YOLO11 Introduction

YOLO11 is the next-generation YOLO model iteration for detection/segmentation/pose tasks in the Ultralytics family. It continues the YOLO series' design philosophy of "single-stage, end-to-end, real-time" and improves the accuracy-speed tradeoff through improved network architecture, feature fusion, and training/inference strategies. It provides different scales from n/s/m/l/x to adapt deployment needs from edge to server.

💡 Tip

In YOLO-related model naming, letters like n / s / m / l / x typically indicate model size, meaning different network width/depth configurations that trade off parameters, computation, and accuracy/speed.

Common meanings:

• n = nano: Smallest, fastest, relatively lower accuracy, suitable for edge/low compute
• s = small: Small
• m = medium: Medium
• l = large: Large
• x = xlarge / extra-large: Largest, slowest, typically highest accuracy

Objective

We will deploy the model to the LCSC-TaishanPi-3M-RK3576 board and demonstrate using the official Demo from rknn_model_zoo.

Environment Preparation

• Host Environment: Ubuntu22.04 (x86)
• Development Board: LCSC-TaishanPi-3M-RK3576
• Data Cable: Connect PC and development board for ADB file transfer.

Install miniforge3

To prevent Python environment issues caused by different environments on a single host, we use miniforge3 for management.

Install miniforge3:

# Download miniforge3 installation script
wget -c https://mirrors.bfsu.edu.cn/github-release/conda-forge/miniforge/LatestRelease/Miniforge3-Linux-x86_64.sh

# Run the installation script
bash Miniforge3-Linux-x86_64.sh

# 1. Press Enter to continue
# 2. Use the down arrow to scroll through the agreement
# 3. Enter yes at the end
# 4. When prompted "Proceed with initialization?", enter yes

You can check https://mirrors.bfsu.edu.cn/github-release/conda-forge/miniforge/LatestRelease/ to find the current latest .sh filename.

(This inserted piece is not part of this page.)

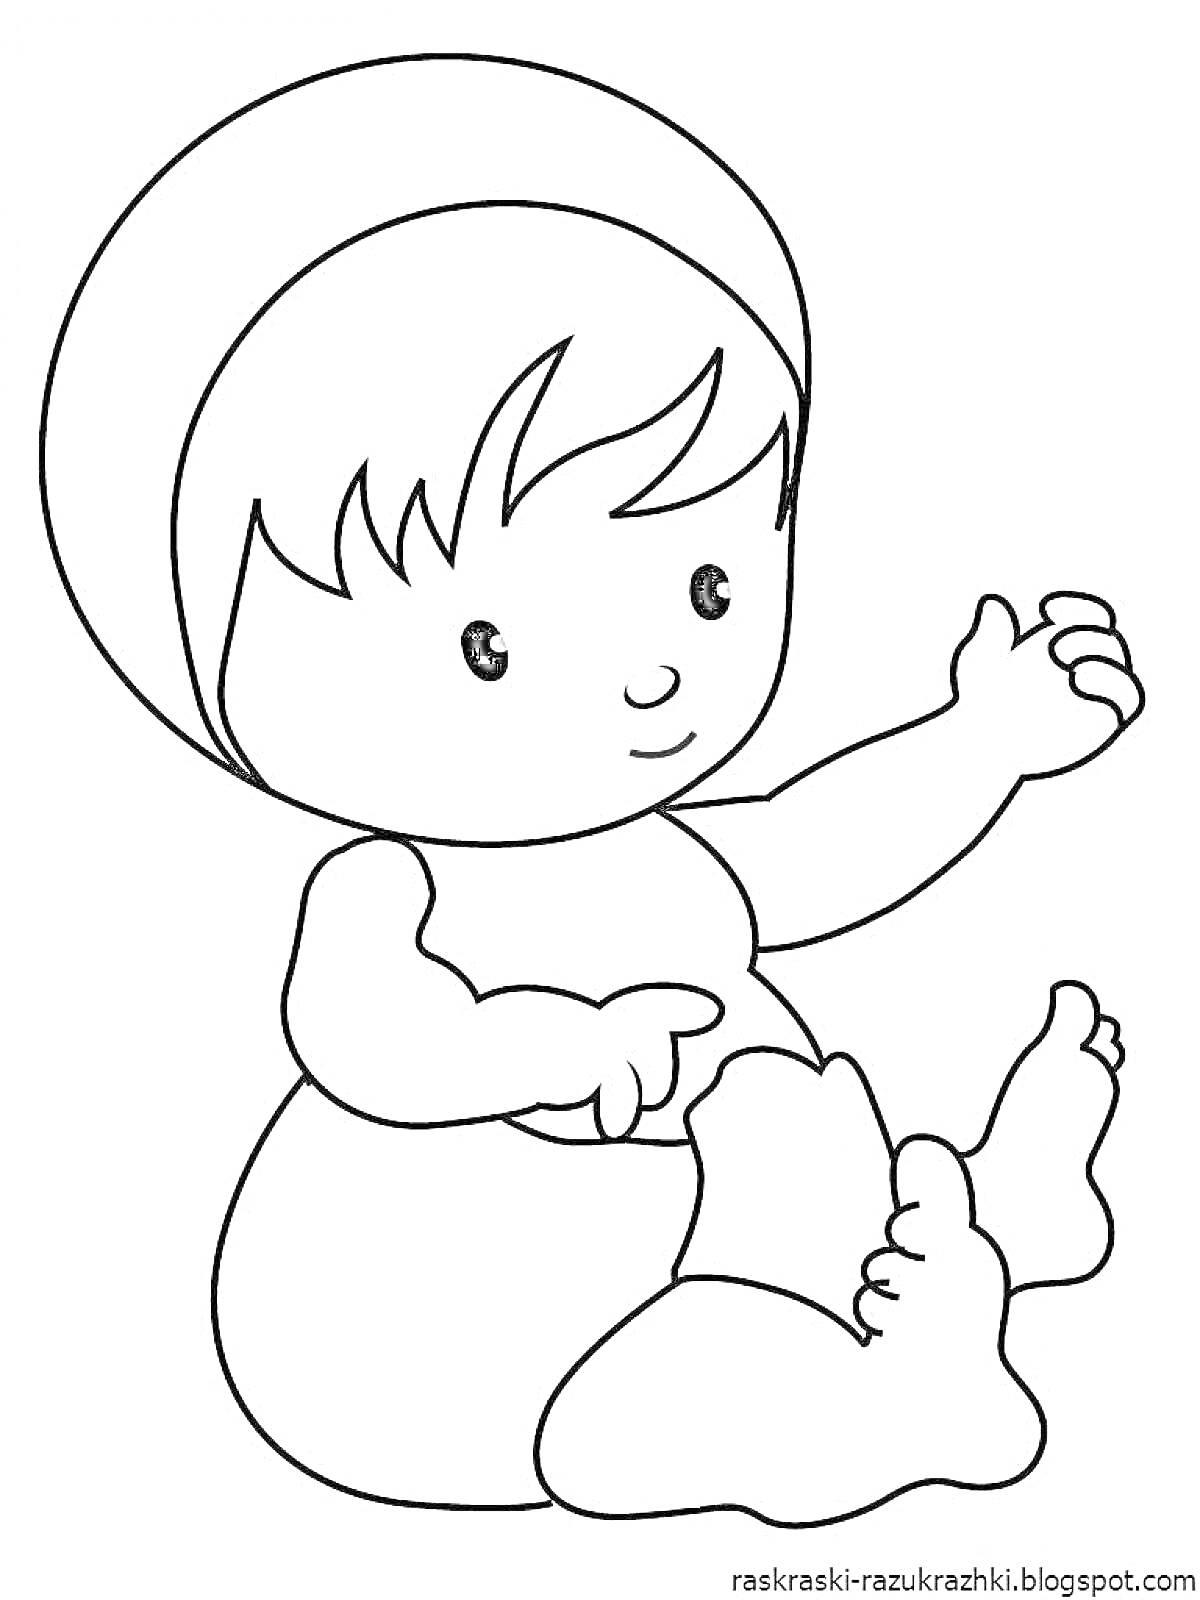 Раскраска ребенок в шапочке, сидящий на полу, держит одну руку вверх

Initialize the conda environment variable:

source ~/miniforge3/bin/activate

After success, a (base) will appear at the beginning of the command line.

Create rknn-toolkit2 Environment

Create and activate a Conda environment: YOLO11-RKNN-Toolkit2 (Python 3.10 is recommended)

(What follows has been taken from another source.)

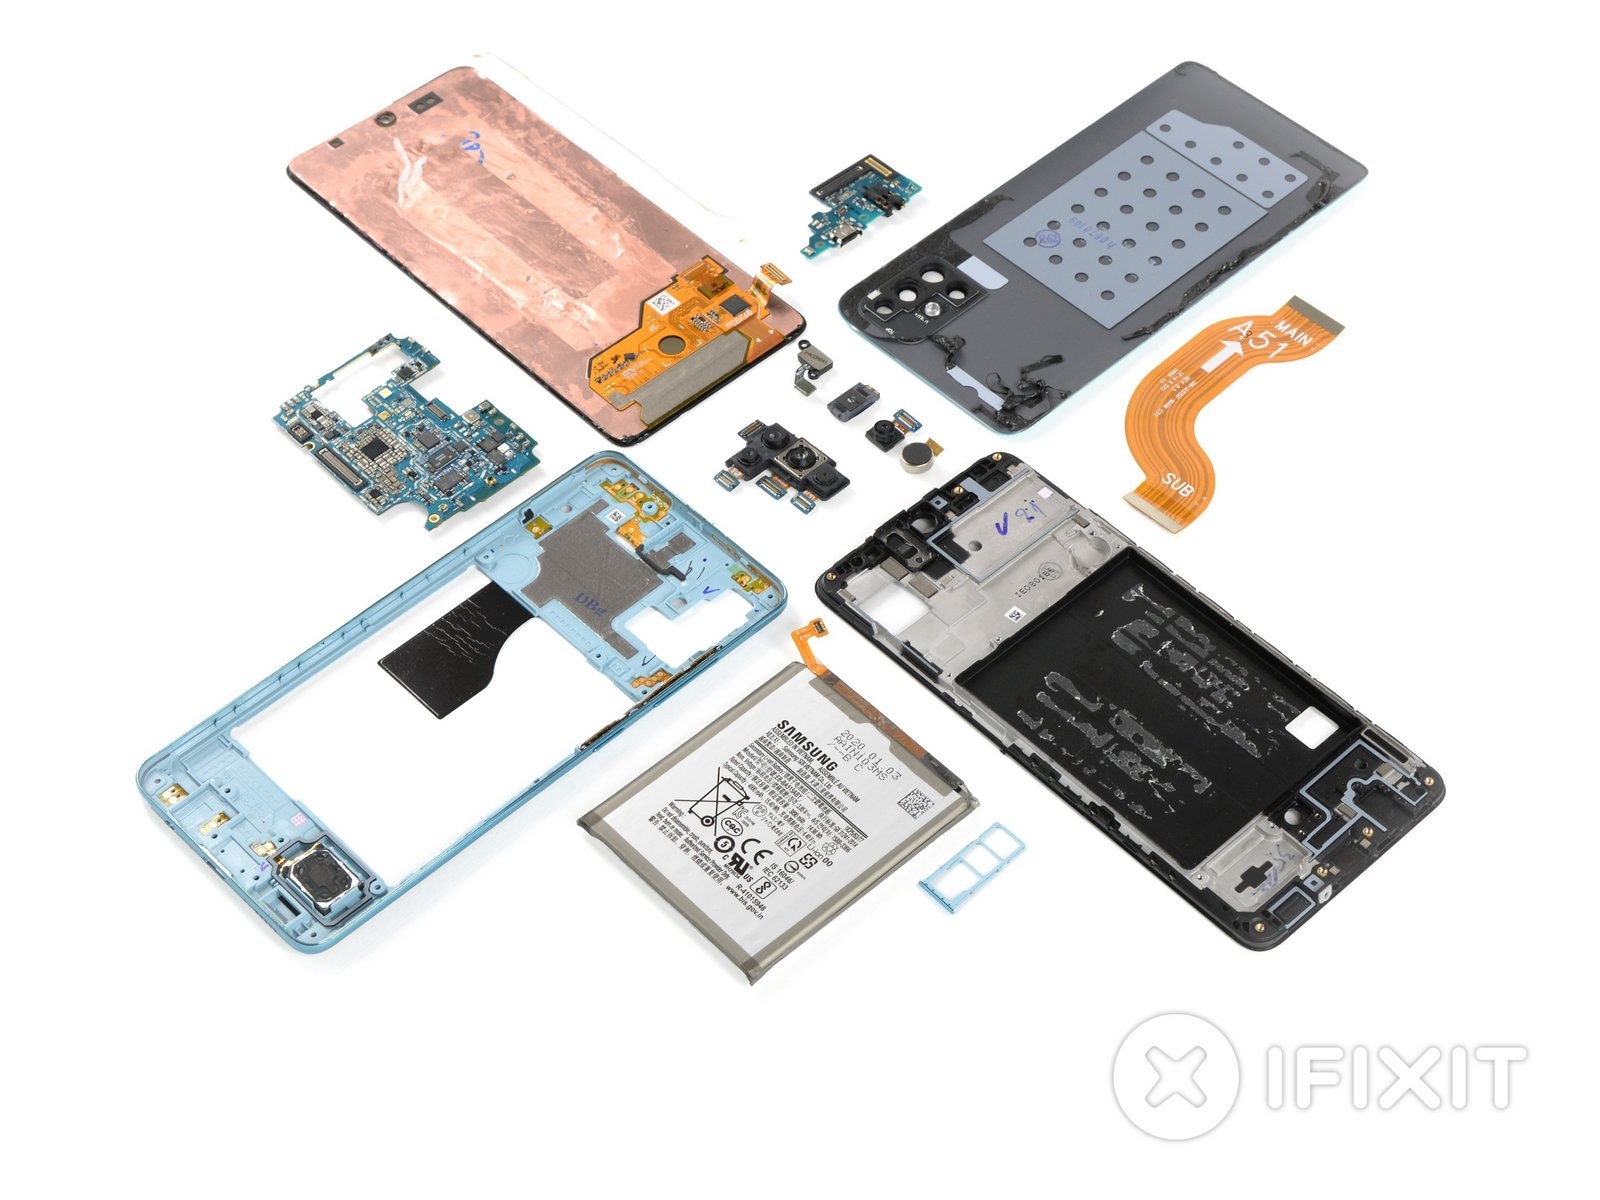 Samsung Galaxy A51 desmontado por iFixit: muchos componentes modulares, pero demasiado pegamento arruina los planos (foto)

This will be needed later when converting the ONNX model to RKNN model.

# Create environment
conda create -n YOLO11-RKNN-Toolkit2 python=3.10

# When prompted "Proceed ([y]/n)?"
# Enter y

Activate the Conda environment:

conda activate YOLO11-RKNN-Toolkit2

# After activation, (YOLO11-RKNN-Toolkit2) will appear at the beginning of the command line

Install dependencies:

# Install rknn-toolkit2
pip install rknn-toolkit2 -i https://mirrors.aliyun.com/pypi/simple

# Install onnx==1.18.0
pip install onnx==1.18.0 -i https://mirrors.aliyun.com/pypi/simple

After installation, exit the YOLO11-RKNN-Toolkit2 environment:

conda deactivate

Create yolo11 Environment

Create and activate a Conda environment: Tspi3-YOLO11 (Python 3.10 is recommended)

# Create environment
conda create -n Tspi3-YOLO11 python=3.10

# When prompted "Proceed ([y]/n)?"
# Enter y

Activate the Conda environment:

conda activate Tspi3-YOLO11

# After activation, (TaishanPi3-YOLO11) will appear at the beginning of the command line

Install dependencies for YOLO11:

pip install ultralytics onnx onnxscript -i https://mirrors.aliyun.com/pypi/simple

Test:

(Tspi3-YOLO11) lipeng@host:~/workspace$ yolo -v
8.3.248

Model Conversion

Next, we need to execute three important steps:

1. Pull the .pt file.
2. Use the Rockchip-optimized yolo11 project to export ONNX model.
3. Use rknn-toolkit2 to convert the ONNX model to a hardware-accelerated RKNN model.

Pull .pt File

The .pt file is the trained YOLO11 model weights (parameters). Only by obtaining this file can we perform object detection.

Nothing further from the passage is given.